GDPR requires that customer and supplier data be EU-resident (stored in EU data centers). Data sovereignty means that data remains under your full control and is not accessed by US-based vendors or stored in US-based systems. Self-hosted platforms like Spree can be deployed on EU-only cloud (AWS Frankfurt, AWS Ireland, or Azure EU-West) or on-premise EU data centers. All backup, disaster recovery, and failover infrastructure remain within EU jurisdiction. SaaS platforms typically store data in US-based systems, which violates strict data sovereignty requirements.
What does NIS2 compliance mean for manufacturing B2B platforms?

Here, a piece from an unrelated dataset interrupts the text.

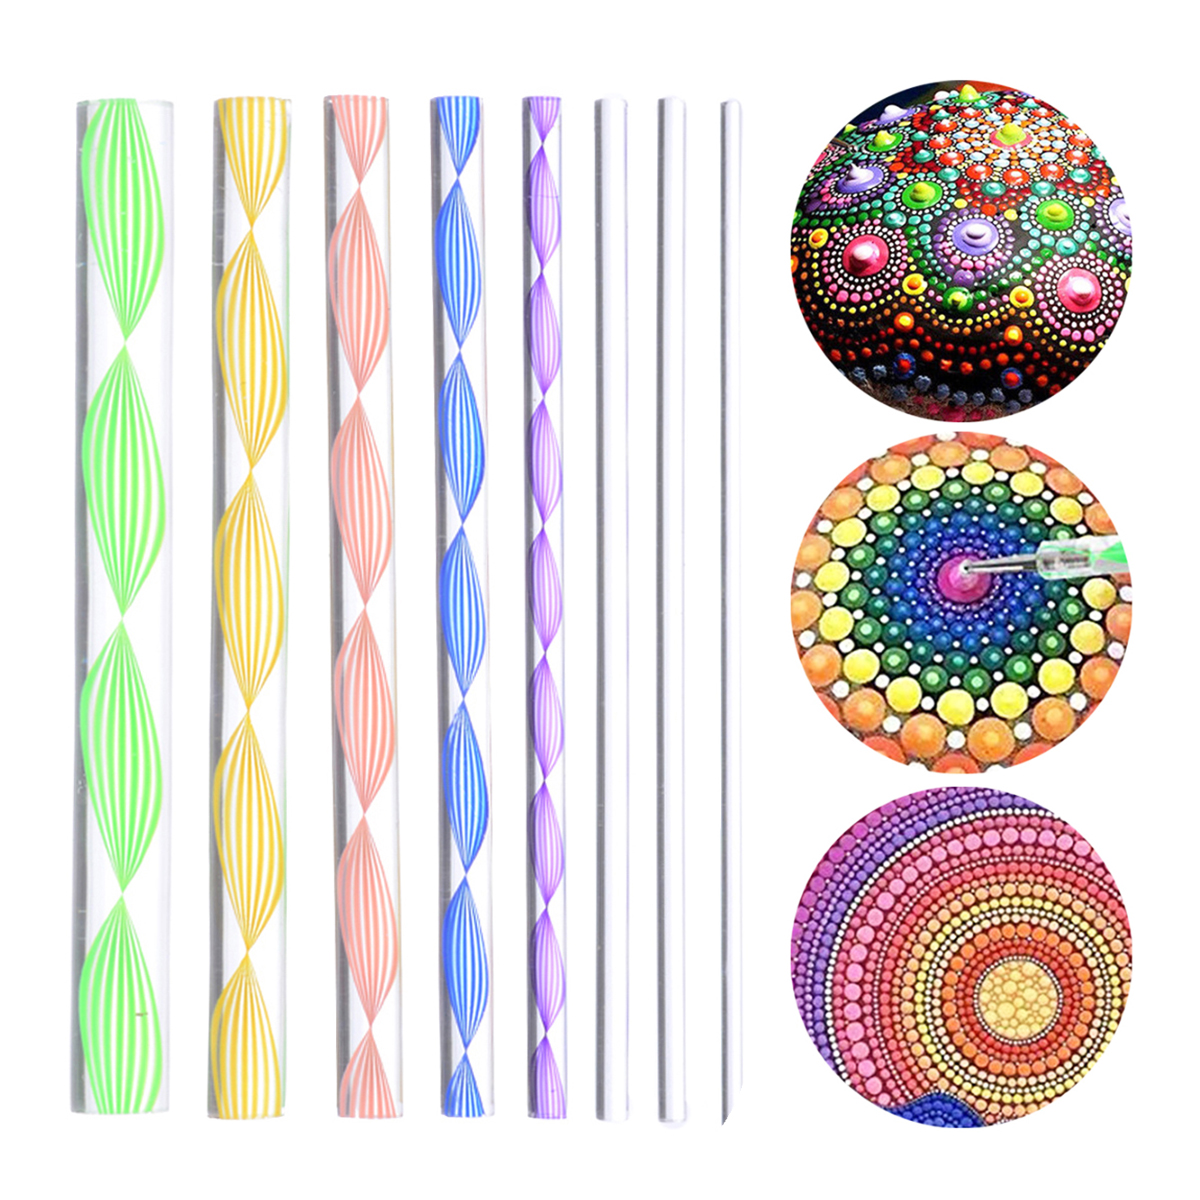 Pottery & Ceramics 8pcs/et Mandala Dotting Tools Painting Stencils Rocks Template Set Rods Ball Stylus Painting Pottery Clay Craft Nail Art Tools Reliable Performance

NIS2 (Network and Information Systems Directive 2) applies to critical infrastructure operators in sectors like energy, water, transportation, and manufacturing. If your manufacturing organization meets NIS2 thresholds (typically based on employee count and market impact), you must implement detailed security measures, report vulnerabilities to national authorities, and maintain supply chain risk management. For a B2B platform, NIS2 compliance requires immutable audit logging, incident response procedures, and documentation of all third-party dependencies. Self-hosted platforms with detailed audit trails and transparent supply chain dependencies are easier to audit under NIS2 than SaaS platforms with vendor dependencies.
How much does EU manufacturing B2B commerce cost?

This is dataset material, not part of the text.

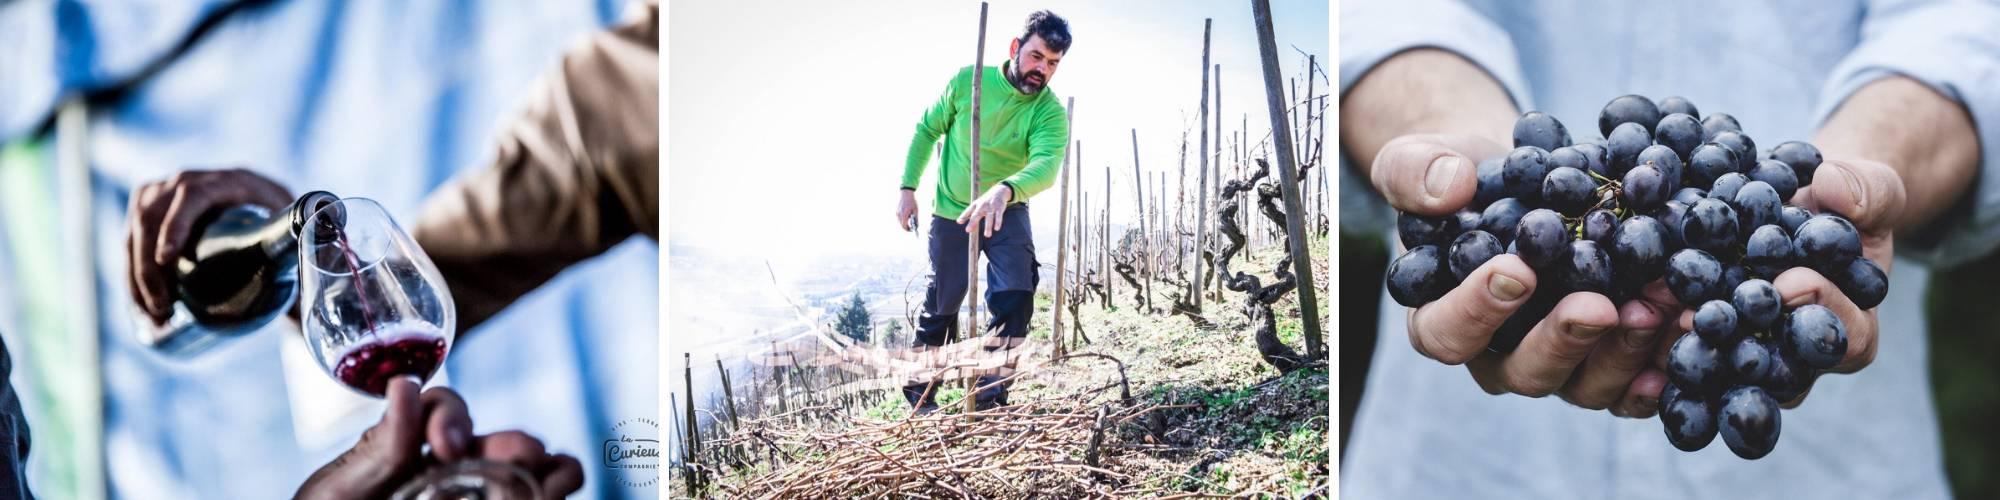 vin naturel en Ardèche Hermitage

EU automotive and manufacturing B2B commerce on Spree Enterprise typically costs EUR 75,000–EUR 200,000 in first-year investment for a multi-country operation, depending on scale, country count, and supplier integration complexity. Costs include platform licensing, EU cloud infrastructure (or on-prem data center setup), multi-country compliance configuration, and supplier onboarding. Ongoing costs are primarily infrastructure and maintenance. SaaS platforms reduce upfront costs but introduce long-term vendor lock-in, data sovereignty concerns, and CRA compliance gaps that require additional remediation. Self-hosted platforms provide lower TCO over time because you own the infrastructure and avoid vendor audit overhead.